Meine Damen und Herren, Geld kann wahrlich nicht alles regeln. Dafür sind die Fluchtursachen – und das habe ich eingangs bereits erwähnt – viel zu vielfältig. Aber zumindest kann mit Geld dafür gesorgt werden, dass Aktion statt Reaktion möglich ist und diejenigen, die auf der Flucht sind, vernünftig versorgt werden. Es bedarf eines weltweiten Krisenfonds bei den UN, der entsprechend der Wirtschaftskraft der Länder finanziert wird. 10 Milliarden Dollar pro Jahr würden erst einmal reichen, um zumindest die Notversorgung in solchen Krisen und das Überleben der Menschen sicherzustellen. Im besten Fall sorgt Geld auch dafür, dass nachhaltige Strukturen aufgebaut werden, den Menschen Perspektiven zu geben.

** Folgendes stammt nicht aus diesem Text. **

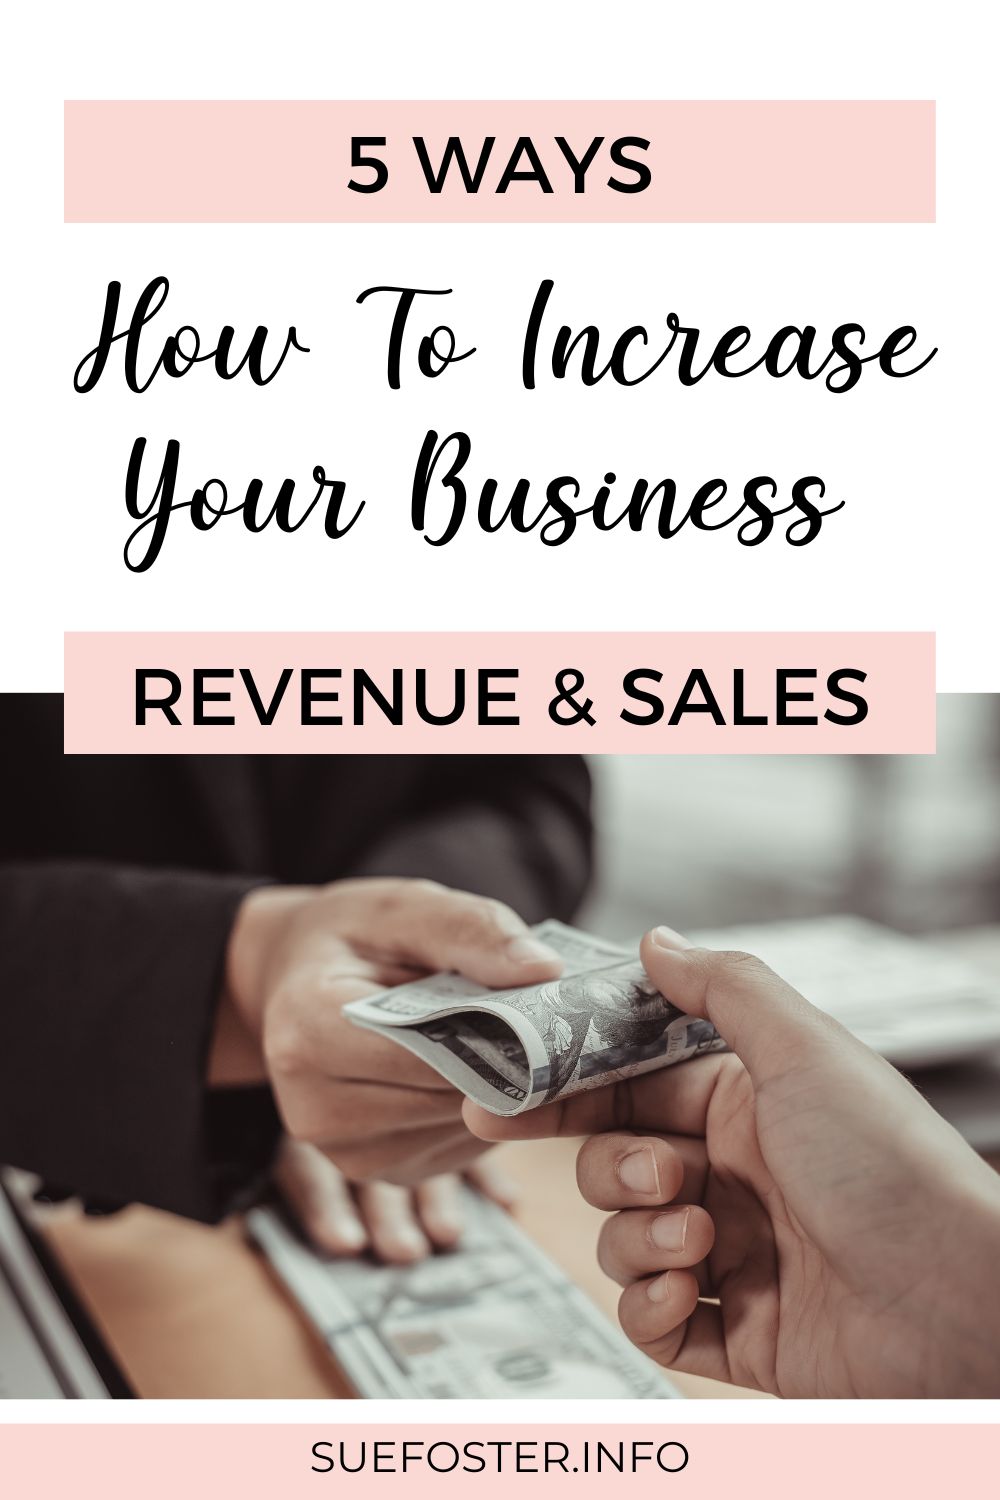 Cash flow is essential in keeping a business running. Here are some ways you can increase your sales and revenue.

Die Europäische Bank für Wiederaufbau und Entwicklung fördert beispielsweise Projekte, um Kleinstunternehmen bei der Verwirklichung ihrer Unternehmensideen zu helfen. Aber all das sind immer noch Tropfen auf den heißen Stein und sie dürfen vor allem nicht an anderen Stellen durch eigene Politik konterkariert werden, beispielsweise auf dem Feld der Agrarmarktpolitik. Die EU hat in den Jahren 2015 bis 2017 insgesamt 17,7 Milliarden aus dem EU-Haushalt für die Bewältigung der Migrationskrise bereitgestellt. Damit werden 10,3 Milliarden Euro außerhalb der EU eingesetzt, einschließlich 2,7 Milliarden Euro für humanitäre Hilfe, 600 Millionen Euro für den Treuhandfonds für Syrien und 2,4 Milliarden Euro für den Nothilfe-Treuhandfonds für Afrika.

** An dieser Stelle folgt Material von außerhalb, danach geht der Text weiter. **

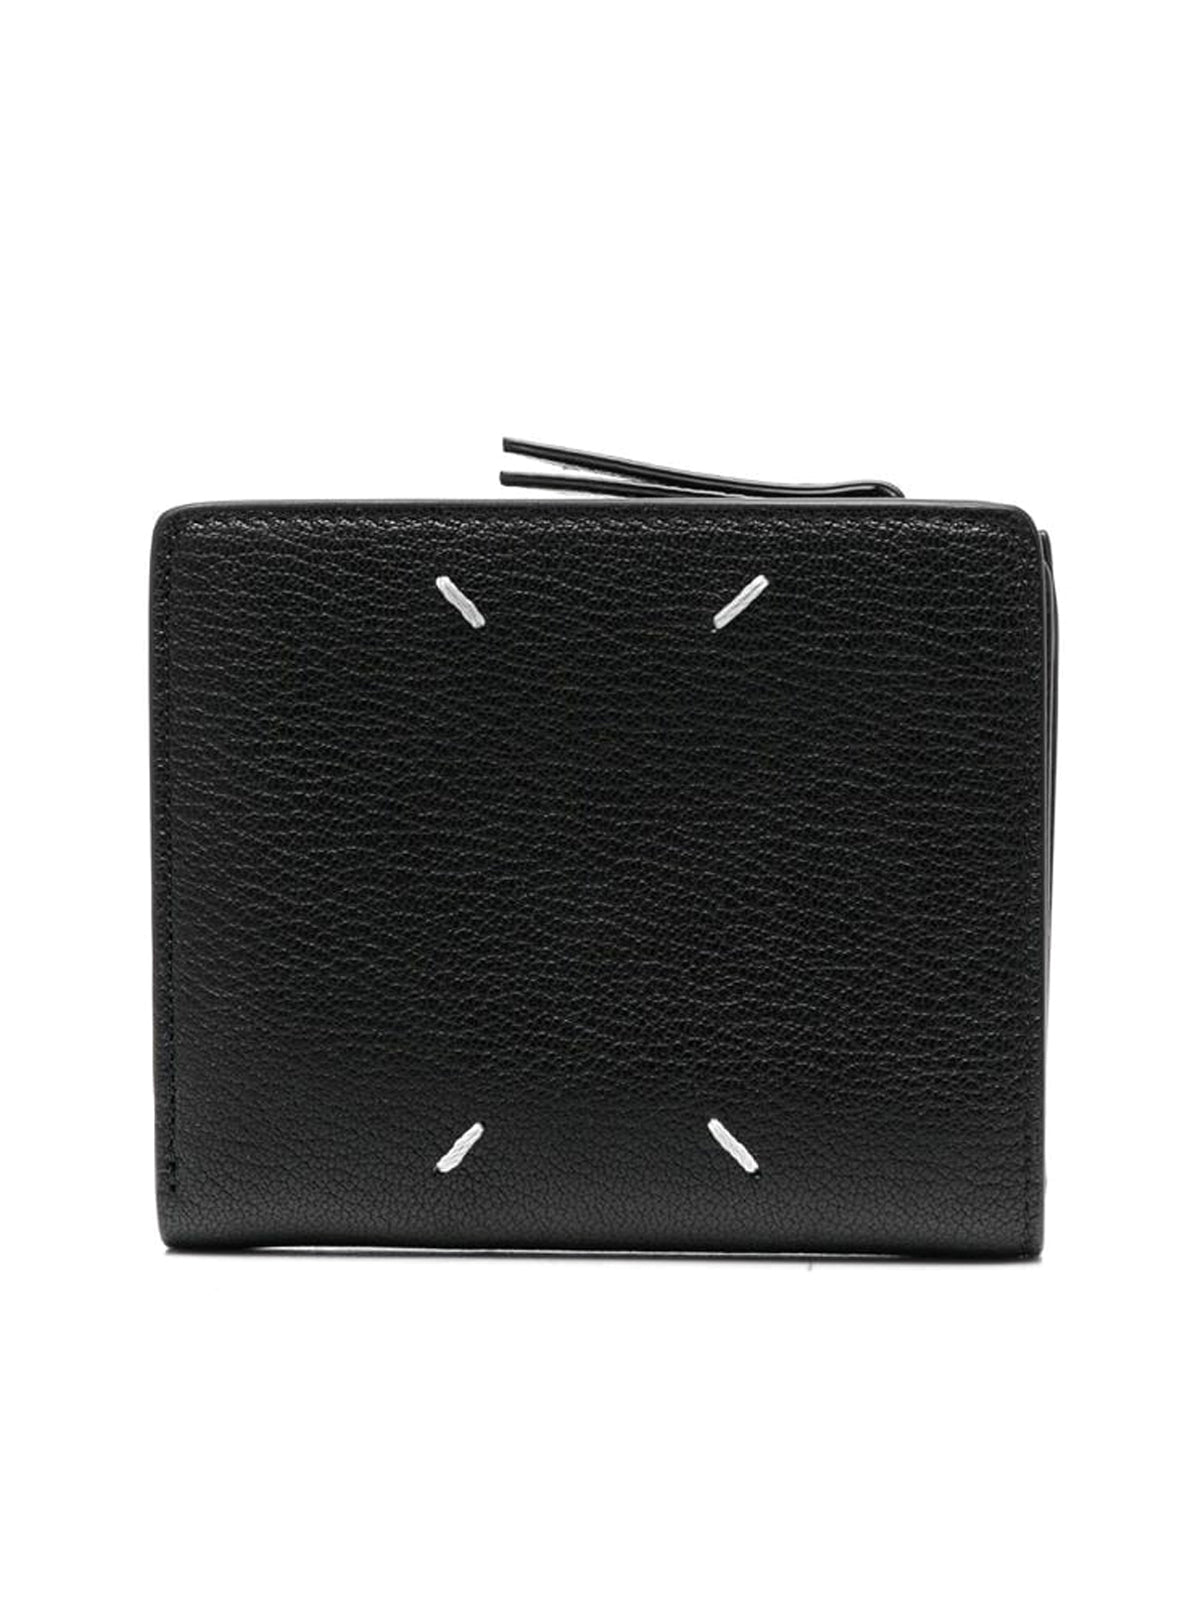 Bi-fold wallet with contrast stitching

Die EU leistet auch in Ländern außerhalb der EU, wie dem Irak, Jordanien, dem Libanon, der Türkei, humanitäre Hilfe für Flüchtlinge und Migranten. Um den von der Türkei aufgenommenen Flüchtlingen zu helfen, haben die EU und ihre Mitgliedsstaaten bereits mehr als 2 Milliarden Euro für humanitäre Hilfe wie auch für andere Hilfsmaßnahmen zur Verfügung gestellt. Die EU ist auch einer der größten Geldgeber im Rahmen der internationalen Anstrengungen zur Bewältigung der Krise in Syrien und hat bereits mehr als 9 Milliarden Euro für humanitäre Hilfe und Entwicklungshilfe bereitgestellt.

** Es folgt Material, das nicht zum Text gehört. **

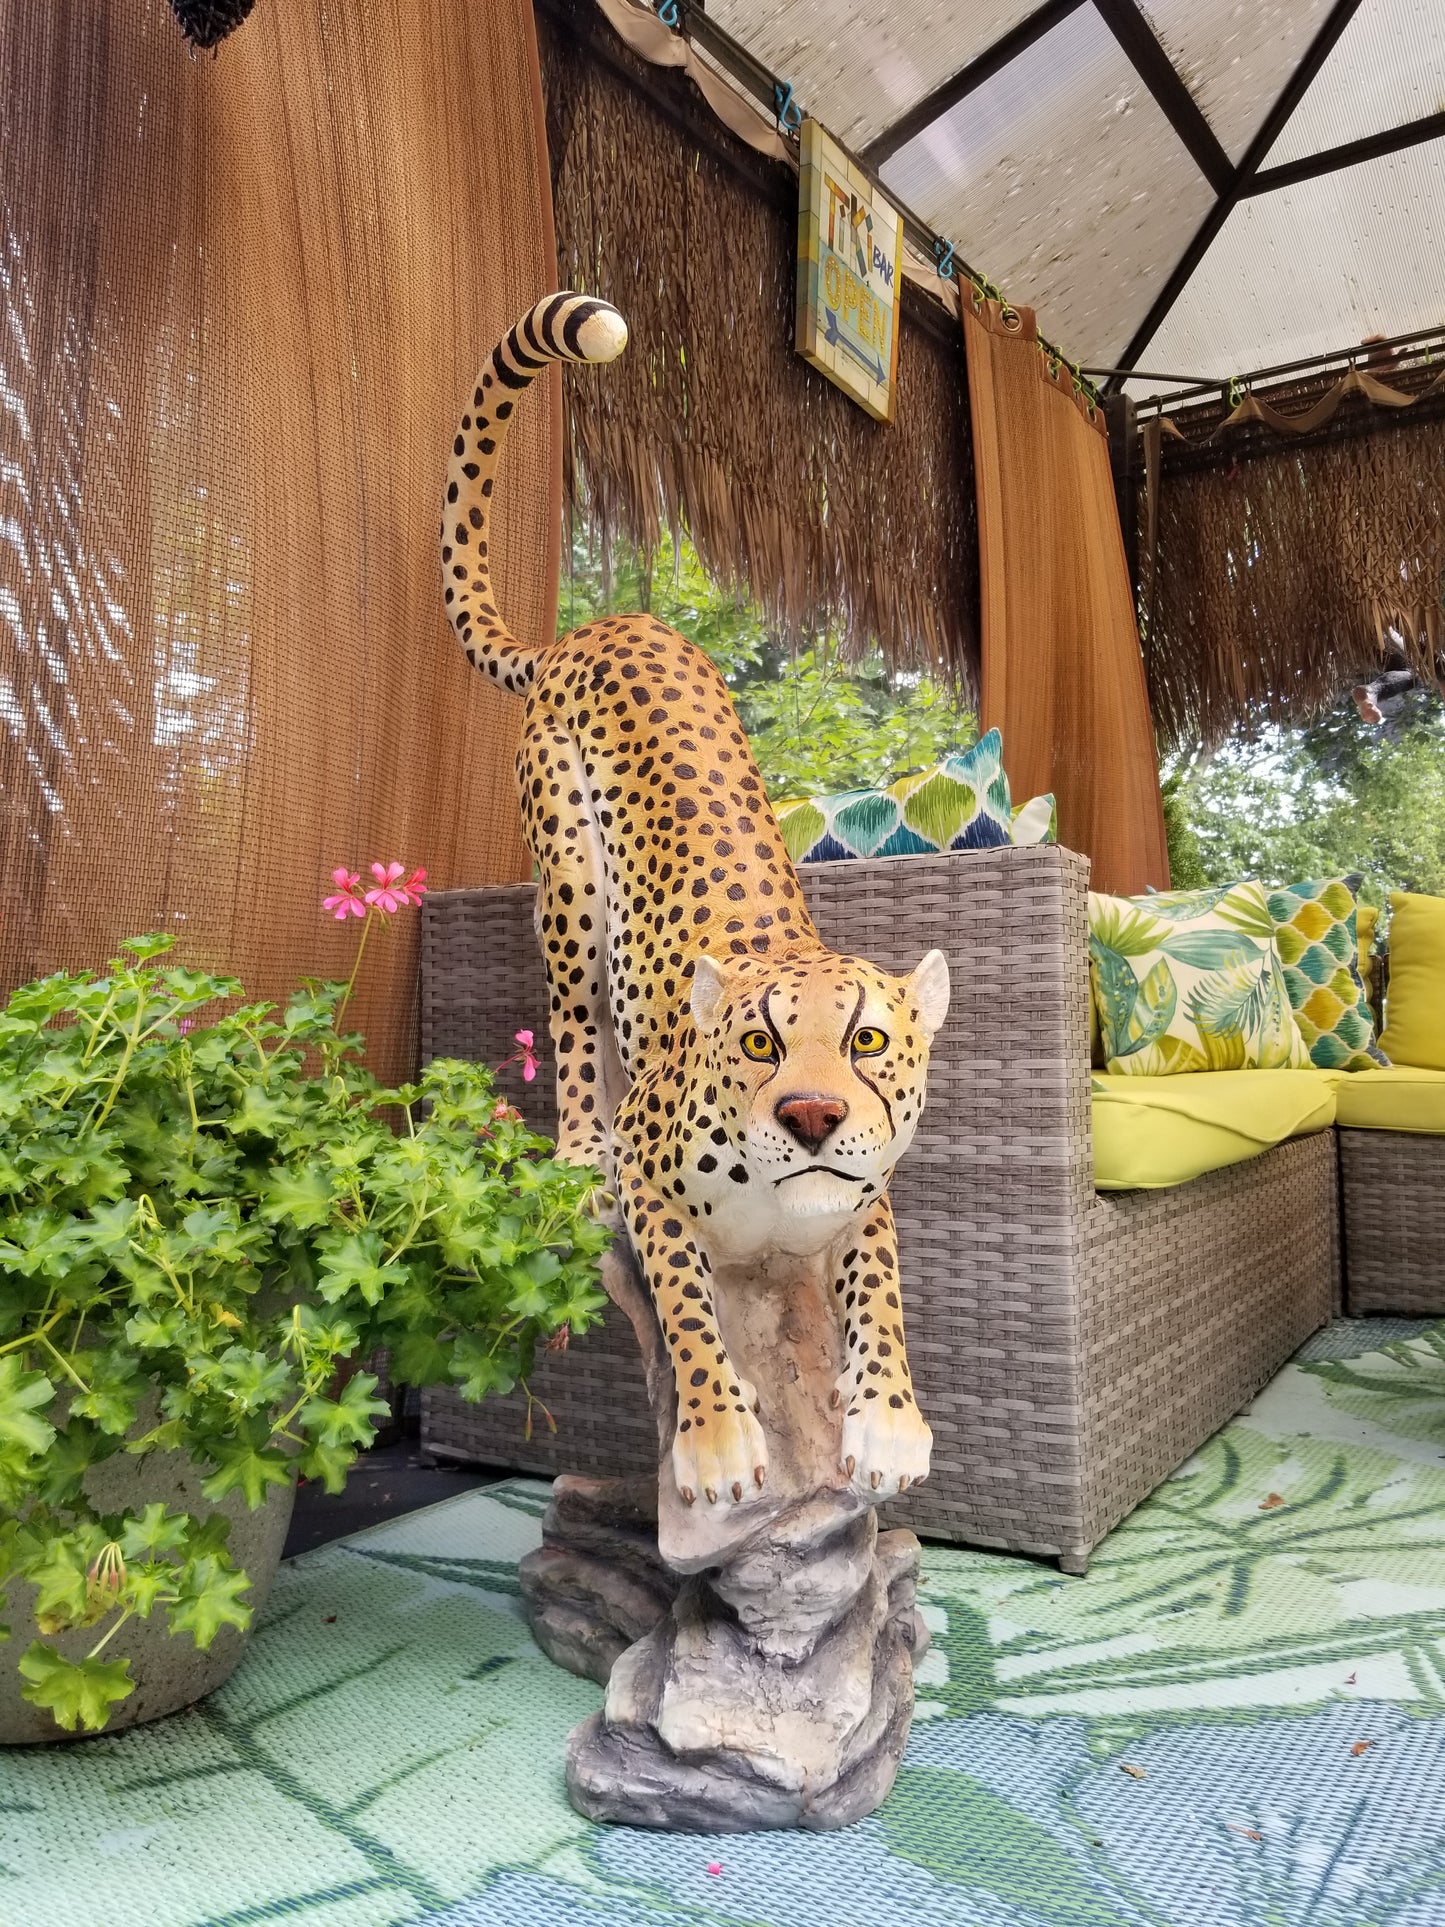 pouncing cheetah statue for sale

In der mittelfristigen Finanzplanung für die EU-Außen- und Entwicklungspolitik sieht die EU nunmehr zusätzlich 1 Milliarde Euro mehr pro Jahr vor. Aber auch hier be
zweifeln Experten, dass das in der Gesamtschau reichen wird. Der Bundesentwicklungshilfeminister warnt im Übrigen, dass die EU und seine Mitgliedsstaaten Afrika endlich als Jahrhundertaufgabe begreifen müssen. Es braucht eine ernst gemeinte europäische Afrikaoffensive, für die der Bundesentwicklungshilfeminister mit seinem Marshallplan mit Afrika ein Konzept vorgelegt hat. Es bleibt viel zu tun für eine kohärente ganzheitliche Entwicklungspolitik, die über Lippenbekenntnisse und reine Geldtransfers hinausgeht.
Wenn ich mir allerdings aktuell ansehe, wie wir trotz europäischer Probleme zunehmend in nationales Denken zurückfallen, bin ich offen gestanden eher skeptisch. Was diese Unterstützung aber nicht einschränkt, ist natürlich, dass wir als europäische Staaten die Verpflichtung des Schützens der Außengrenze haben, dass wir dafür Sorge tragen müssen, dass diejenigen, die verfolgt sind, hier aufgenommen werden können, aber diejenigen, die als Wirtschaftsflüchtlinge kommen, auch dementsprechend nicht in die Länder einreisen können. Das sind nun mal unterschiedliche Auffassungen. Ich weiß, da hat DIE LINKE eine andere Auffassung. Wir haben da auch eine andere Auffassung.
Als Innenminister habe ich mit meinen Kollegen das Recht und das Gesetz einzuhalten. Deswegen werden wir da dementsprechend alles dafür tun, dass geltendes Recht auch in Zukunft umgesetzt wird und weiter eingehalten wird.